# Effects of a Low-Fat Diet Supplemented with Plant Extract on Lipid Metabolism, Antioxidant Capacity, Inflammation, and Gut Microbiota in Healthy Beagles

**Authors:** Mengdi Zhao, Yixin Wang, Yuanyuan Zhang, Xinda Liu, Wenhao Wang, Guangyu Li

PMC · DOI: 10.3390/vetsci13030266 · Veterinary Sciences · 2026-03-13

## TL;DR

A low-fat diet with plant extract improved lipid metabolism, gut health, and inflammation in healthy dogs more effectively than a low-fat diet alone.

## Contribution

The study introduces a novel dietary strategy combining low-fat diets with plant extract to enhance lipid metabolism and gut microbiota in dogs.

## Key findings

- Low-fat diets reduced triglycerides, LDL, and bile acids in dogs.
- Plant extract supplementation increased antioxidant capacity and reduced inflammation markers.
- The combination diet enriched beneficial gut bacteria like Lactobacillus and increased metabolites like GABA and glutamine.

## Abstract

Obesity is a common and serious health problem in pets.

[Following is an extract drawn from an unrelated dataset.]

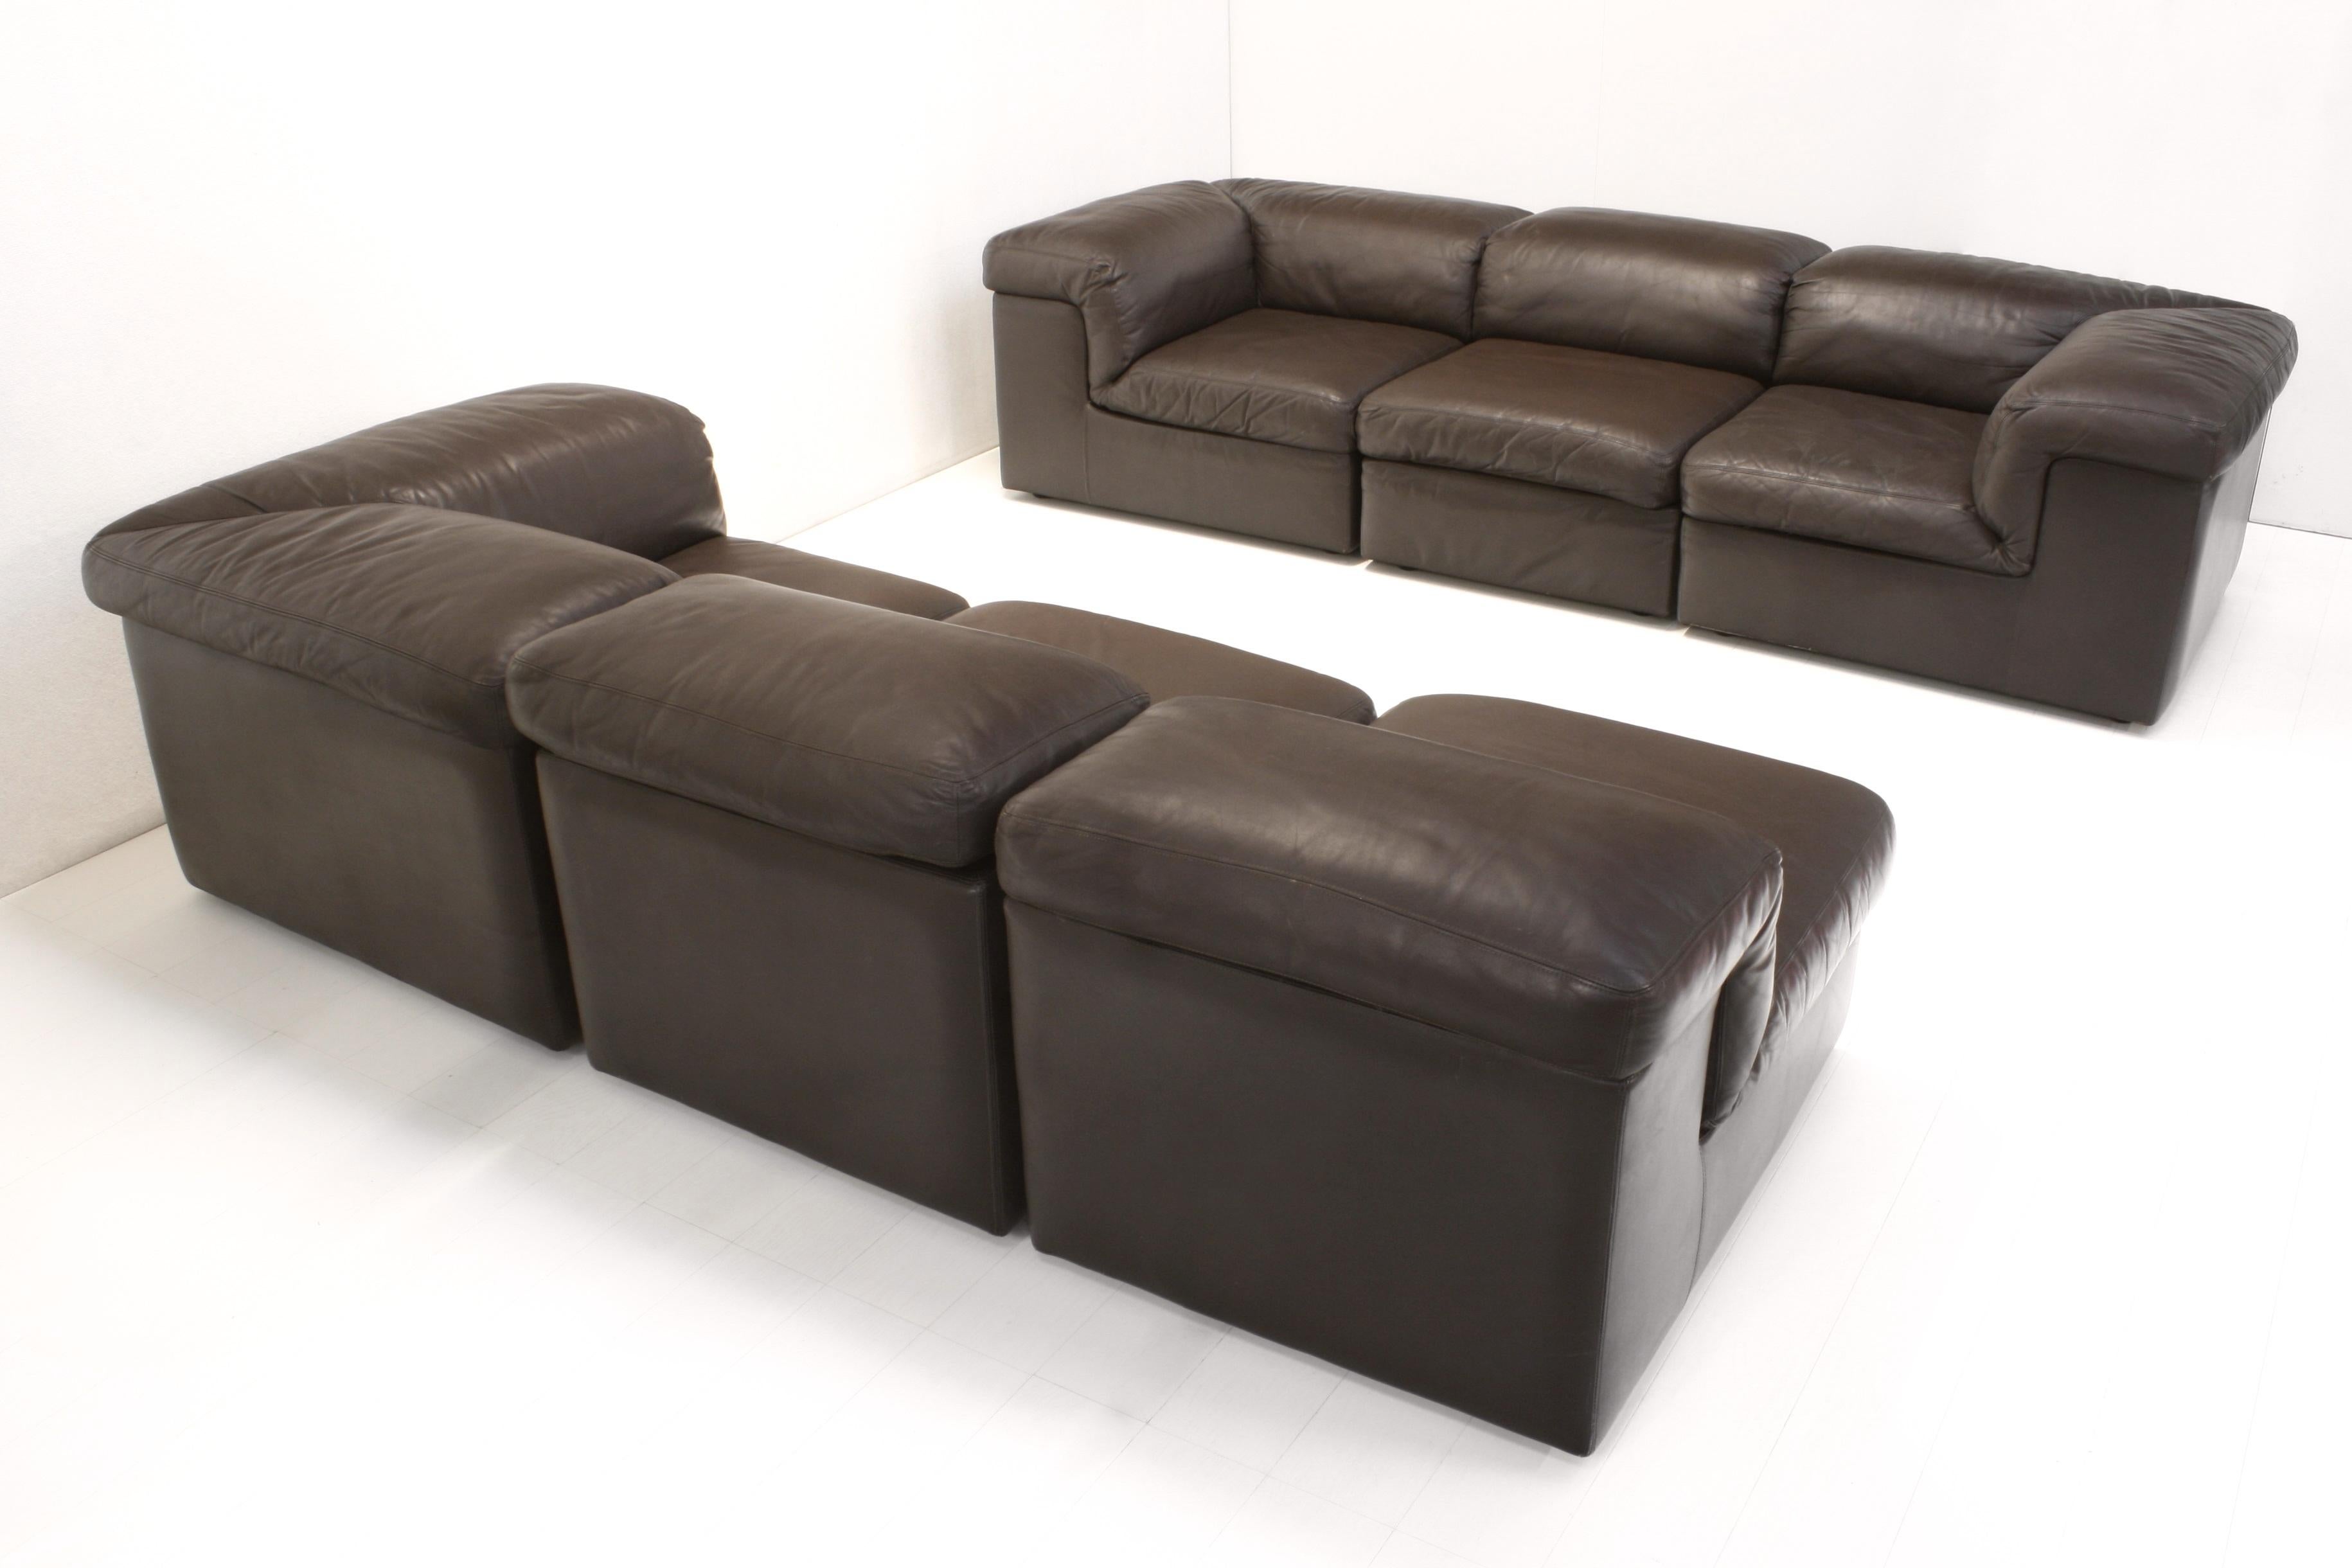 Belgian Modular Brown Leather Jeep Sectional Sofa by Anita Schmidt for Durlet, 1970s For Sale

This study aimed to investigate whether a low-fat diet, with or without supplementation of a specific plant extract blend, could improve lipid metabolism in healthy dogs. In an 8-week animal trial, three dietary regimens were compared: a conventional diet, a low-fat diet, and a low-fat diet supplemented with the plant extracts. The results showed that both low-fat diets regulated lipid metabolism. Furthermore, the low-fat diet with plant extract supplementation enhanced antioxidant capacity, improved intestinal barrier function, modulated the relative abundance of beneficial gut bacteria, and increased beneficial metabolites in beagles. In conclusion, while a simple low-fat diet was effective, its combination with plant extracts provides a more comprehensive dietary strategy.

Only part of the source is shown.